Understanding these types helps in diagnosing and managing conditions related to elevated bilirubin levels.

Understanding High Bilirubin Levels

Normal total bilirubin levels in adults typically range between 0.2 and 1.3 mg per deciliter (mg/dL). Levels above this range are considered high. In infants, especially newborns, slightly higher levels may be normal, ranging between 1.0 and 12.0 mg/dL, but persistently high levels need evaluation.

Symptoms of High Bilirubin

Elevated bilirubin can result in a variety of symptoms: 

In Adults:

  • Jaundice (yellowing of the skin and eyes)
  • Dark-colored urine
  • Pale or clay-colored stools
  • Itching or pruritus
  • Fatigue or weakness
  • Abdominal pain or discomfort

In Infants:

  • Jaundice (yellowing of the skin and eyes)
  • Poor feeding or lethargy
  • Dark urine
  • Pale stools

Causes of High Bilirubin

High bilirubin levels can be caused by liver diseases such as hepatitis or cirrhosis, increased breakdown of red blood cells (hemolysis), and genetic conditions like Gilbert's syndrome. Each cause requires different diagnostic and treatment approaches.

Here are some common causes:

In Adults:

  • Liver Diseases: Conditions such as hepatitis, cirrhosis, or liver cancer impair bilirubin processing and excretion.
  • Hemolysis: Increased breakdown of red blood cells, often due to autoimmune disorders or certain medications, raises bilirubin levels.
  • Gallstones: Blockage in the bile ducts from gallstones can prevent bilirubin from being properly excreted.
  • Genetic Conditions: Disorders like Gilbert's syndrome affect bilirubin metabolism but are usually benign.

In Infants:

  • Neonatal Jaundice: Common in newborns due to immature liver function; usually resolves with time or light therapy.
  • Breastfeeding Jaundice: Caused by inadequate feeding leading to dehydration and increased bilirubin levels.
  • Hemolytic Disease: Conditions such as Rh or ABO incompatibility can cause excessive breakdown of red blood cells.
  • Infections: Certain infections or liver diseases, such as sepsis, urinary tract infections, viral infections, or congenital hepatitis, in newborns can elevate bilirubin levels.some text
    • Sepsis: A serious bloodstream infection that can cause widespread inflammation and damage to various organs, including the liver, leading to jaundice.
    • Urinary Tract Infections (UTIs): Bacterial infections in the urinary system can sometimes lead to jaundice in newborns.
    • Congenital Infections: Infections present at birth, such as cytomegalovirus (CMV), rubella, or toxoplasmosis, can affect liver function and cause jaundice.
    • Congenital Hepatitis: Viral hepatitis acquired from the mother during pregnancy or delivery, such as hepatitis B or C, can cause liver inflammation and jaundice.

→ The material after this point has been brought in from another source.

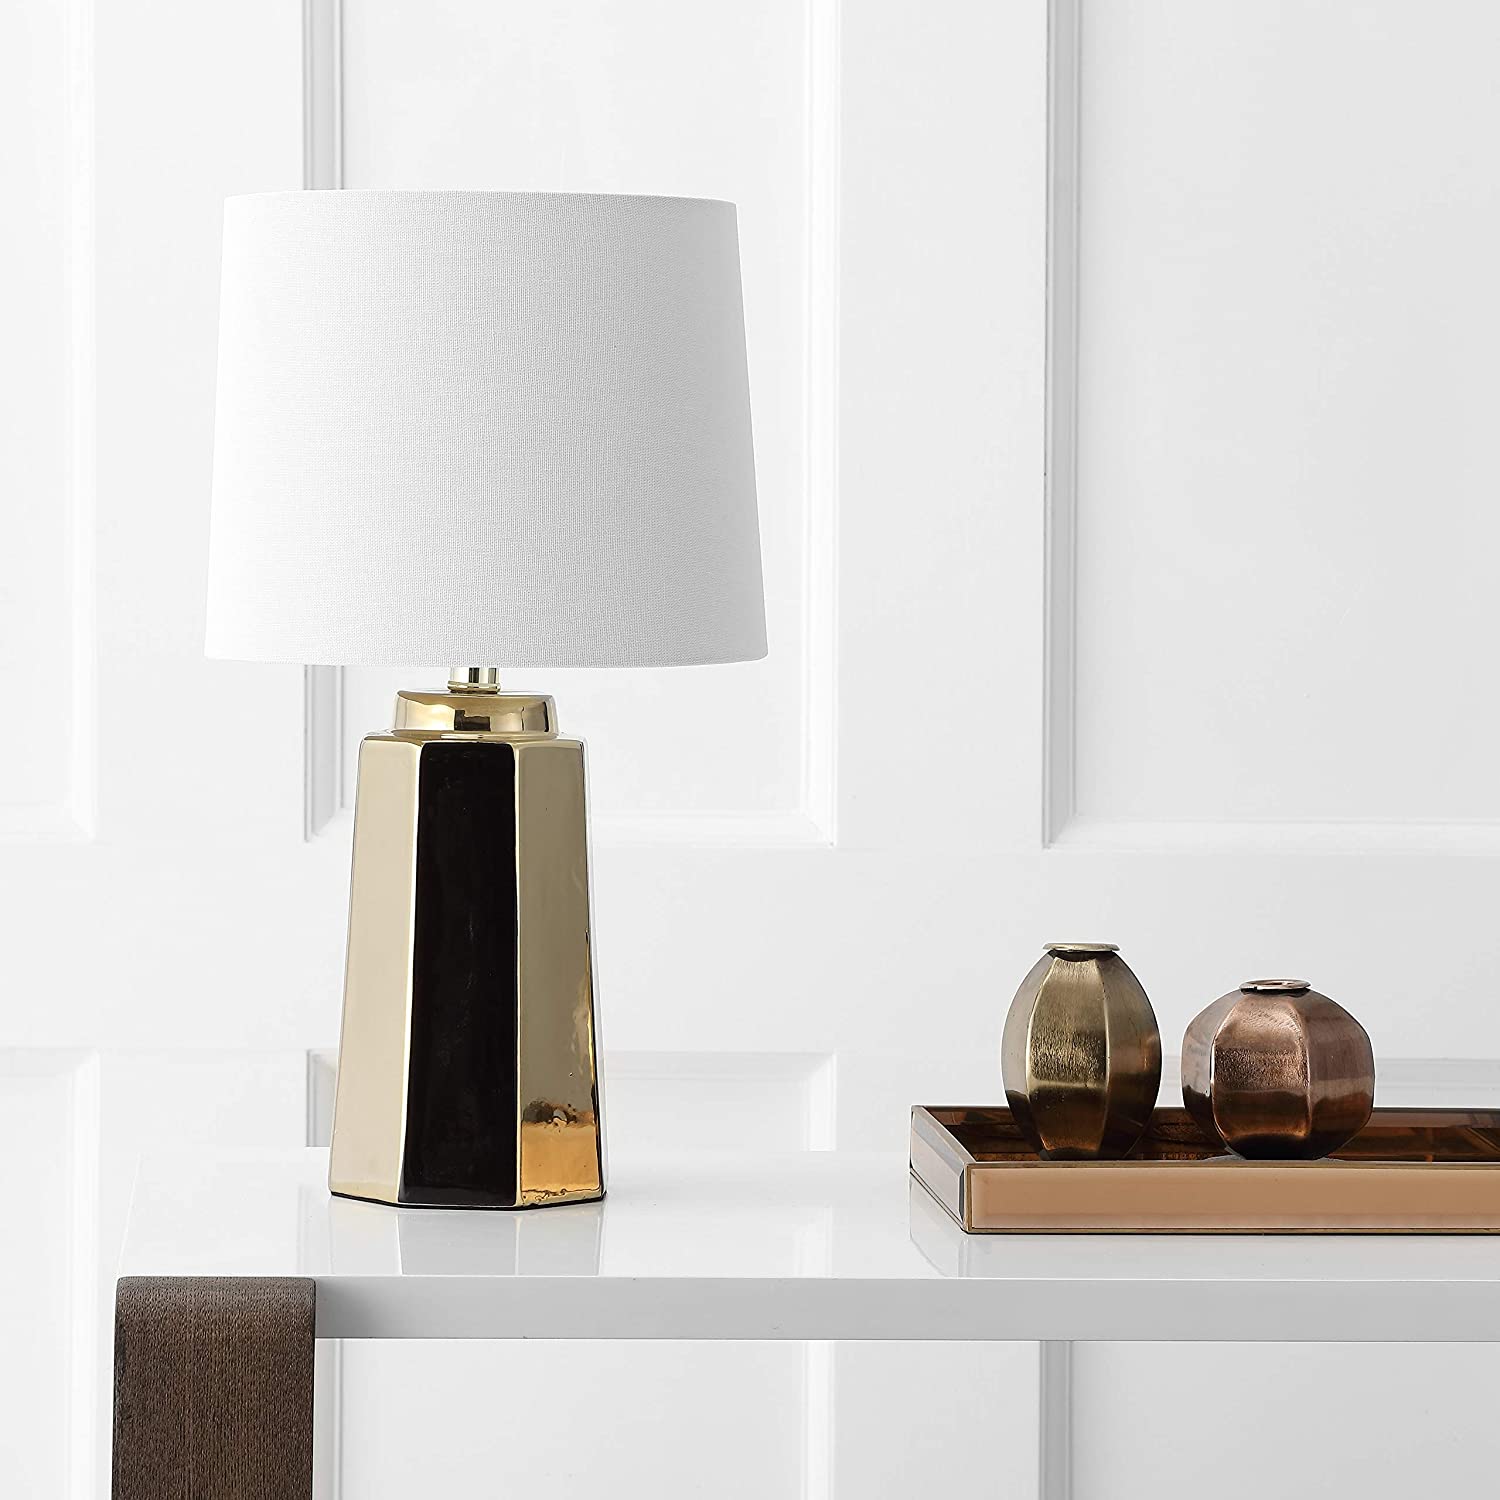 Safavieh TBL4089A Lighting Collection Parlon Plated Gold Table Lamp $41.54 (REG $113.22)

Lab Tests for High Bilirubin

Lab tests are essential for diagnosing and understanding high bilirubin levels. They help identify the underlying cause and guide appropriate treatment.

  • Total Bilirubin Test: This test measures the overall amount of bilirubin in the blood, including both direct and indirect types. It is significant for assessing overall bilirubin levels and determining if they are elevated.
  • Direct and Indirect Bilirubin Tests: These tests specifically measure the amounts of direct (conjugated) and indirect (unconjugated) bilirubin. Direct bilirubin is processed by the liver, while indirect bilirubin has not yet been processed. Abnormal levels can indicate issues with liver function or red blood cell breakdown.
  • AST and ALT Levels: These are liver enzymes that can be measured alongside bilirubin levels. Elevated AST (aspartate aminotransferase) and ALT (alanine aminotransferase) levels often indicate liver inflammation or damage, contributing to high bilirubin levels.

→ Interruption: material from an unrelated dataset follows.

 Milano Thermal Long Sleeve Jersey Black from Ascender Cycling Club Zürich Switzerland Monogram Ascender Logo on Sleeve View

Additional Testing and Related Biomarkers

Various diagnostic tests are crucial for pinpointing the causes of high bilirubin levels and guiding effective treatment.

  • Liver Function Tests (LFTs): LFTs are blood tests measuring various enzymes and proteins to assess liver health. Elevated levels of enzymes like AST and ALT, along with altered levels of proteins such as albumin, can indicate liver dysfunction or damage, which may be causing high bilirubin levels.
  • Complete Blood Count (CBC): A CBC measures red and white blood cells, hemoglobin, and other components. It helps identify conditions such as hemolysis (increased breakdown of red blood cells) or anemia, which can contribute to elevated bilirubin levels.
  • Imaging Studies: Ultrasound or CT scans of the liver and bile ducts are used to visualize structural issues. These imaging studies can detect blockages, tumors, or other abnormalities that might be causing high bilirubin levels.

High Bilirubin in Specific Populations

High bilirubin levels can vary in their causes and implications depending on the age group.

Adults

In adults, high bilirubin often results from:

Symptoms typically include jaundice, dark urine, and abdominal discomfort. Treatment focuses on addressing the underlying condition, which may involve medications, lifestyle changes, or procedures to remove obstructions.

Newborns and Babies

Newborns commonly experience physiological jaundice due to immature liver function, which is more common in premature newborns born before 38 weeks' gestation. While this is usually benign and resolves with time or light therapy, severe or prolonged jaundice can lead to kernicterus, a rare but serious condition affecting brain development. Treatment may include phototherapy or exchange transfusion to lower bilirubin levels.

Teenagers

In teenagers, high bilirubin can be linked to conditions such as Gilbert's syndrome or liver infections. Symptoms and treatments are similar to those in adults but may also include managing stress or lifestyle factors that can exacerbate the condition. Monitoring and supportive care are often effective in managing elevated bilirubin.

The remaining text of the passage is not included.